Love Letter is a 1995 Japanese film directed by Shunji Iwai and starring Miho Nakayama. The film was shot almost entirely on the island of Hokkaidō, mainly in the city of Otaru.

Love Letter became a box-office hit in Japan and later in other east Asian countries, most notably South Korea, where it was one of the first Japanese films to be shown in cinemas since World War II. In South Korea it was the tenth highest grossing general release of the year with 645,615 admissions.

Director Shunji Iwai hired Noboru Shinoda as cinematographer and the collaboration between the two produced a film praised for its evocative winter cinematography.

Iwai cast pop singer Miho Nakayama in the dual roles of Hiroko Watanabe and Itsuki Fujii. The film also launched the movie career of teenager Miki Sakai who won 'Newcomer of the Year' Award in the Japanese Academy Awards for her portrayal of Itsuki Fujii as a young girl. The main male roles were played by Etsushi Toyokawa as Akiba Shigeru and Takashi Kashiwabara as the male Itsuki Fujii.

Fine Line Features acquired all American distribution rights of and released it theatrically under the new title When I Close My Eyes.

Plot

Hiroko Watanabe lives in Kobe and has lost her fiancé Itsuki Fujii in a mountain climbing accident. On the day of his memorial ceremony, two years after his death, Hiroko looks through his high-school yearbook at his parents' house. Mrs. Fujii explains that they used to live in Otaru, and that their old house is now replaced by a highway. Nevertheless, Hiroko records the address she sees under the name "Itsuki Fujii" in the yearbook, and decides to write him a letter. Surprisingly, she receives a reply from Fujii. Unsure who sent the reply, she keeps writing and finds out it was not from her dead fiancé, but from a woman also named Itsuki Fujii who went to high school with her fiancé and bears a striking resemblance to Hiroko. The movie cuts back and forth between Hiroko and Female Itsuki based on the letters they send to each other.

Female Itsuki works at the public library and is suffering from a cold that doesn't seem to go away, which she refuses to go to the hospital for. It is discovered that her father died of pneumonia when she was in high school. She is bewildered when she receives her first letter from Hiroko, having never heard of her. Nevertheless, she sends a reply saying she is fine and has a cold.

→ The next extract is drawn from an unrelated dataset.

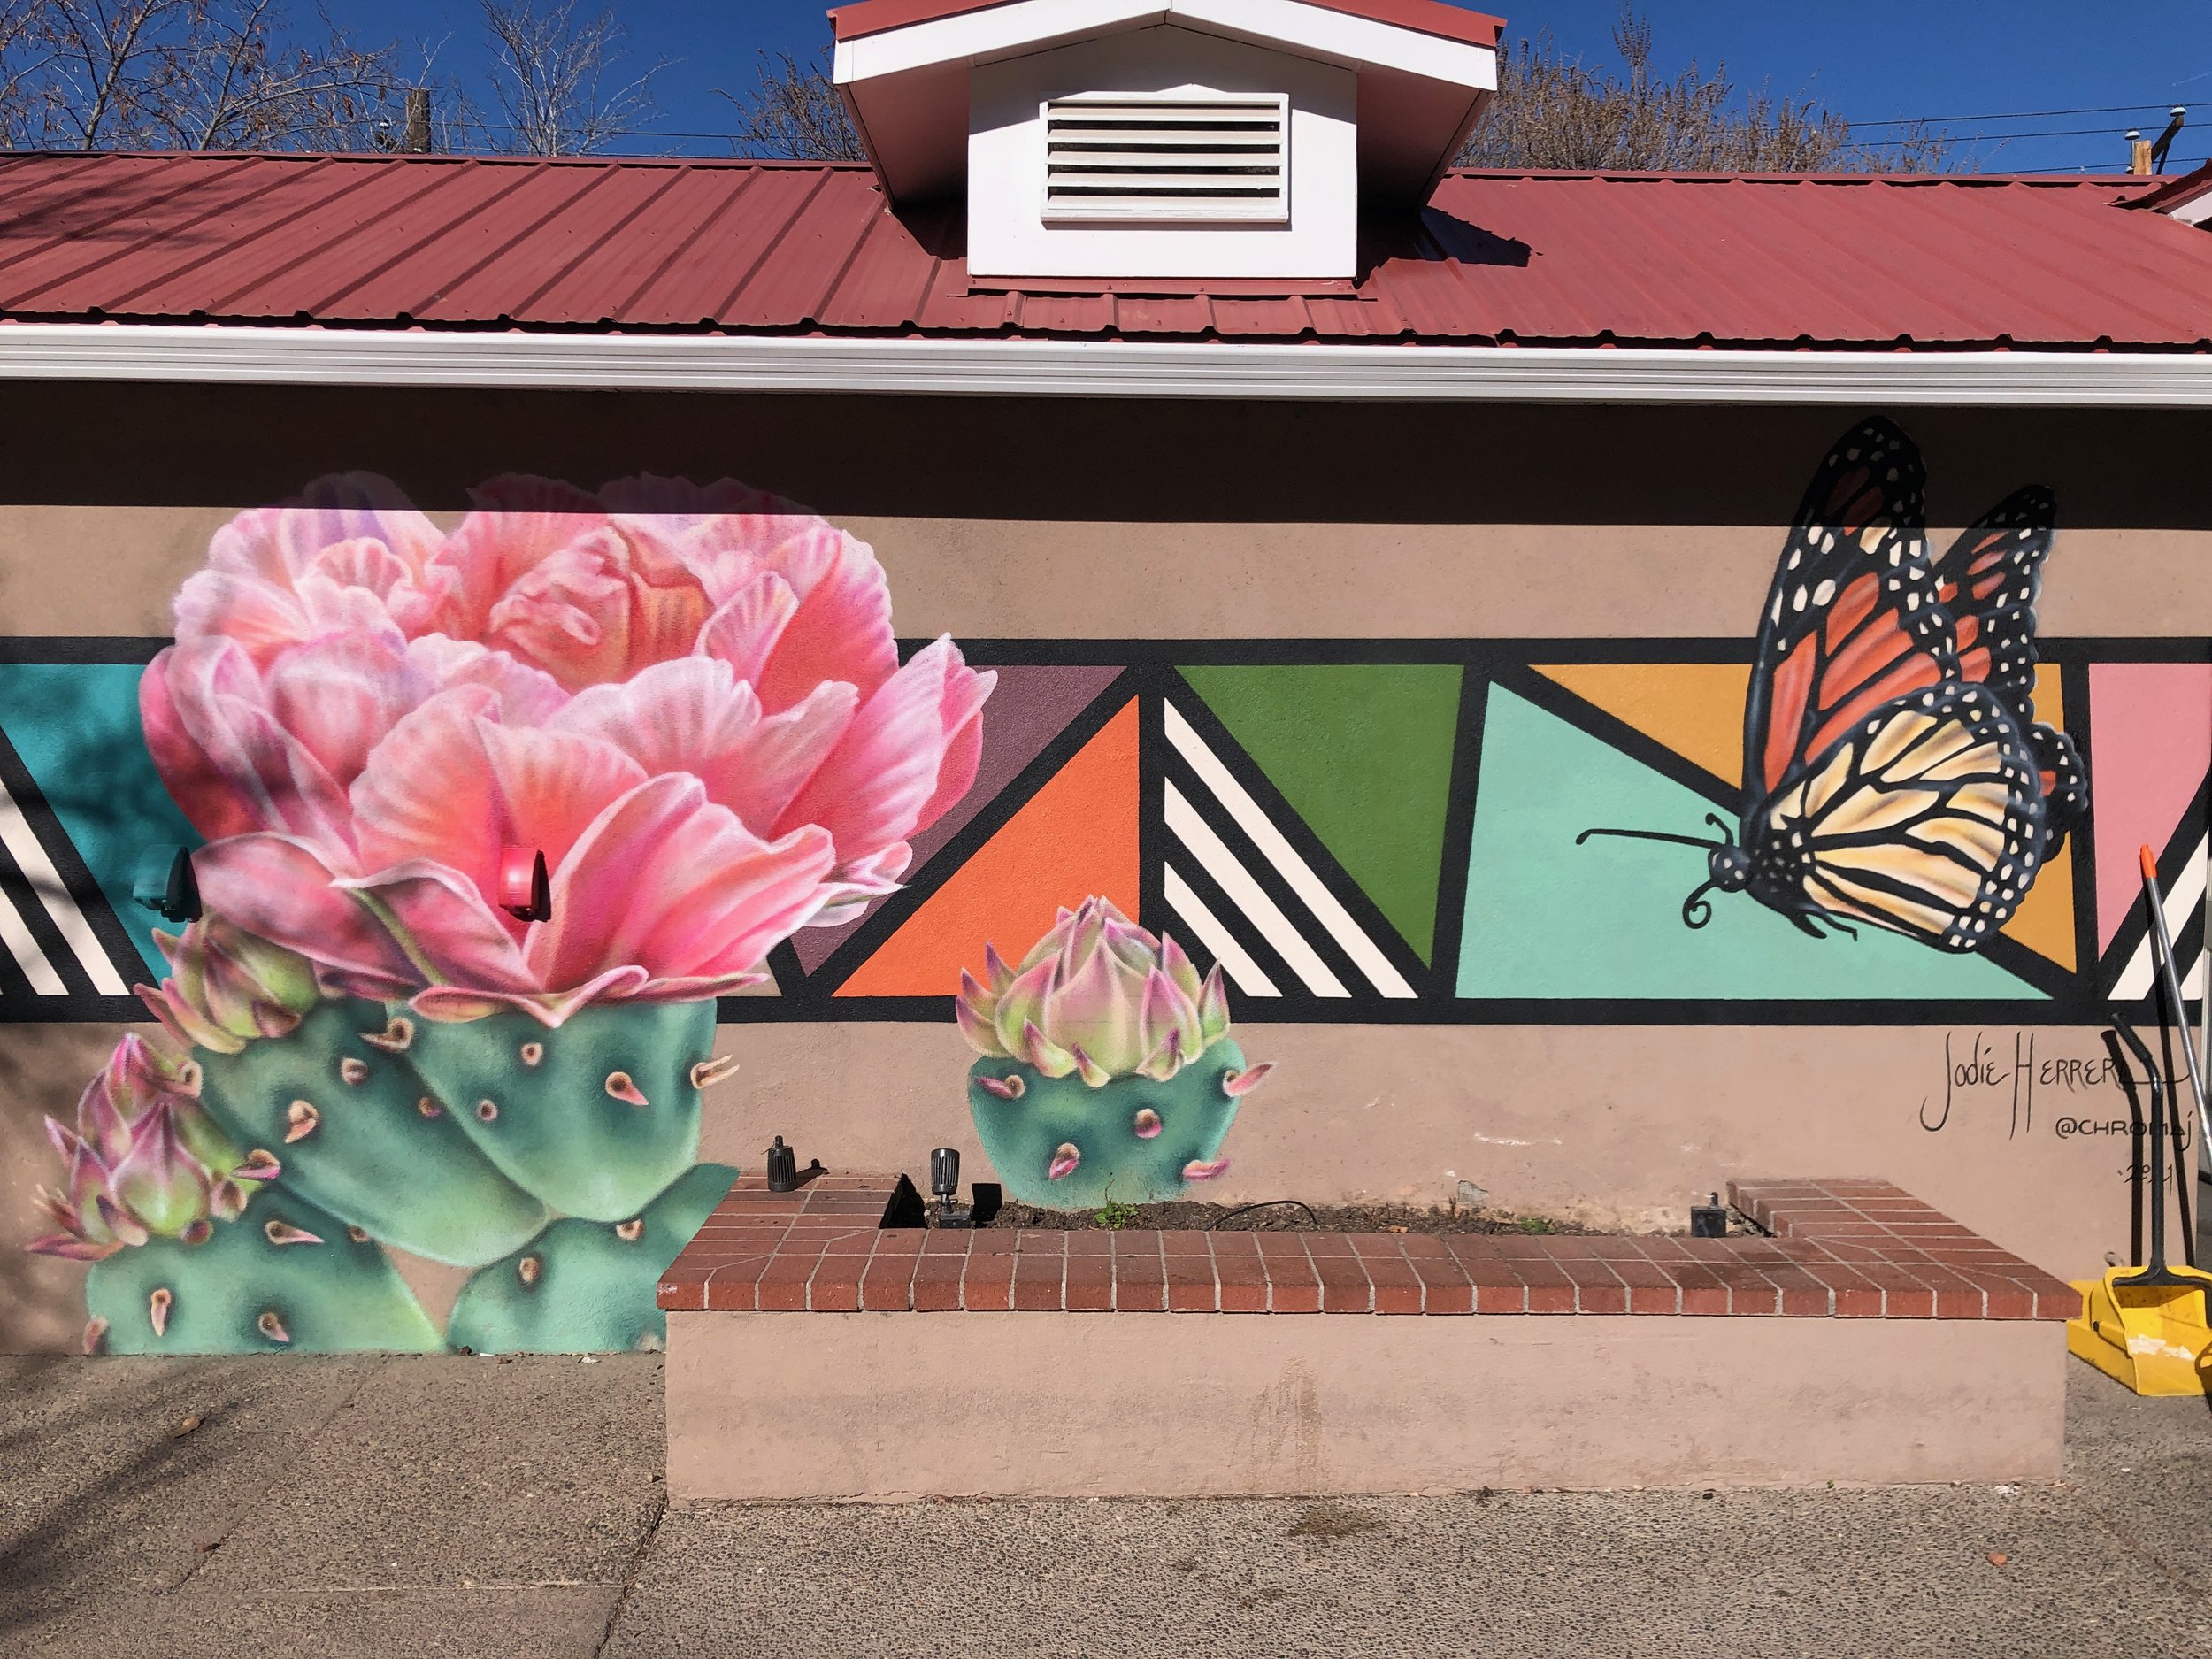 New Mexico Resilience, Mural by Jodie Herrera, Photo by Wade Roush
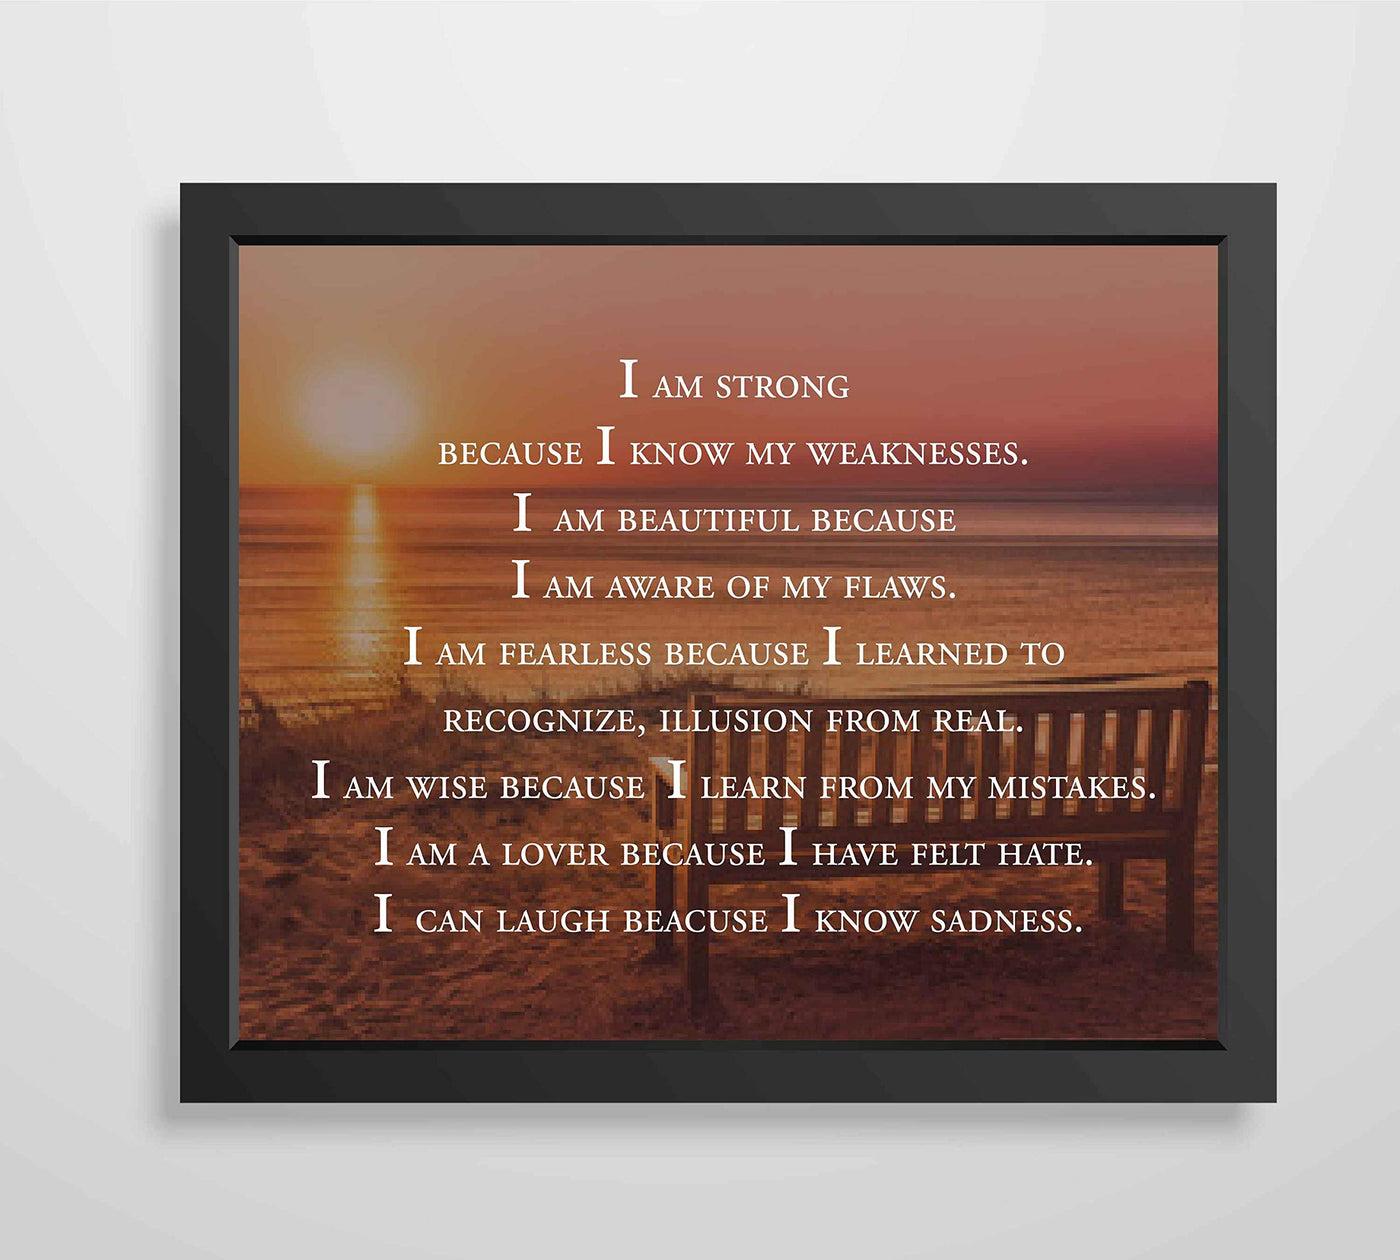 I Am Strong Because I Know My Weaknesses- Inspirational Quotes Wall Art- 10 x 8" Typographic Wall Sign-Ready to Frame. Modern Print for Home-Office-Classroom Decor. Great Motivational Gift for All!

After her first reply from "Itsuki Fujii", Hiroko visits her friend Akiba, who also knew her fiance and was there during his accident. Hiroko shows Akiba the letter and says it's a message from heaven. Akiba tells Hiroko she needs to let Fujii go, proceeding to kiss her and confess the feelings that he has had for her (even when Hiroko and Itsuki were going out). He then promises to "free her". Hiroko, still holding onto her memories of Fujii, continues to write letters to Itsuki.

Female Itsuki suddenly writes back demanding to know who Hiroko is. Hiroko shares this with Akiba, unable to comprehend such a letter from her "fiance". Female Itsuki then receives a reply asking to "prove that you are the real Itsuki Fujii". She mails a copy of her residency card to Hiroko and asks her to not write back anymore. Hiroko is devastated by ID, and it is revealed that Akiba was the one who sent the letter asking for the "proof". He then tells Hiroko that they should visit Otaru to meet the female Itsuki Fujii to fully expose the truth and help her to move on.

On the day of the visit to Otaru, female Itsuki is tricked by her mother into going to the hospital to get her "cold" checked up. She falls asleep and has a dream/flashback of her father being wheeled into the hospital, chasing her mother and grandfather into the emergency. Waking up and having missed her appointment, she leaves the hospital.

While Itsuki is away, Akiba and Hiroko go to her home, passing by the said "highway" that was built over male Itsuki's old house. Upon reaching the house, they discover that female Itsuki is not home and opt to wait outside for her. However, unable to bring herself to meet Itsuki, Hiroko writes a letter for her, explaining she swung by the house and sent the letters thinking Itsuki was her fiance (leaving out the fact that he died 2 years ago). Akiba and Hiroko leave by taxi. The driver then says that he just sent home someone who looked exactly like Hiroko (Female Itsuki coming home from the hospital). A day later when Hiroko is leaving Otaru and Itsuki is out to put her reply letter in the mail, they momentarily spot each other before parting.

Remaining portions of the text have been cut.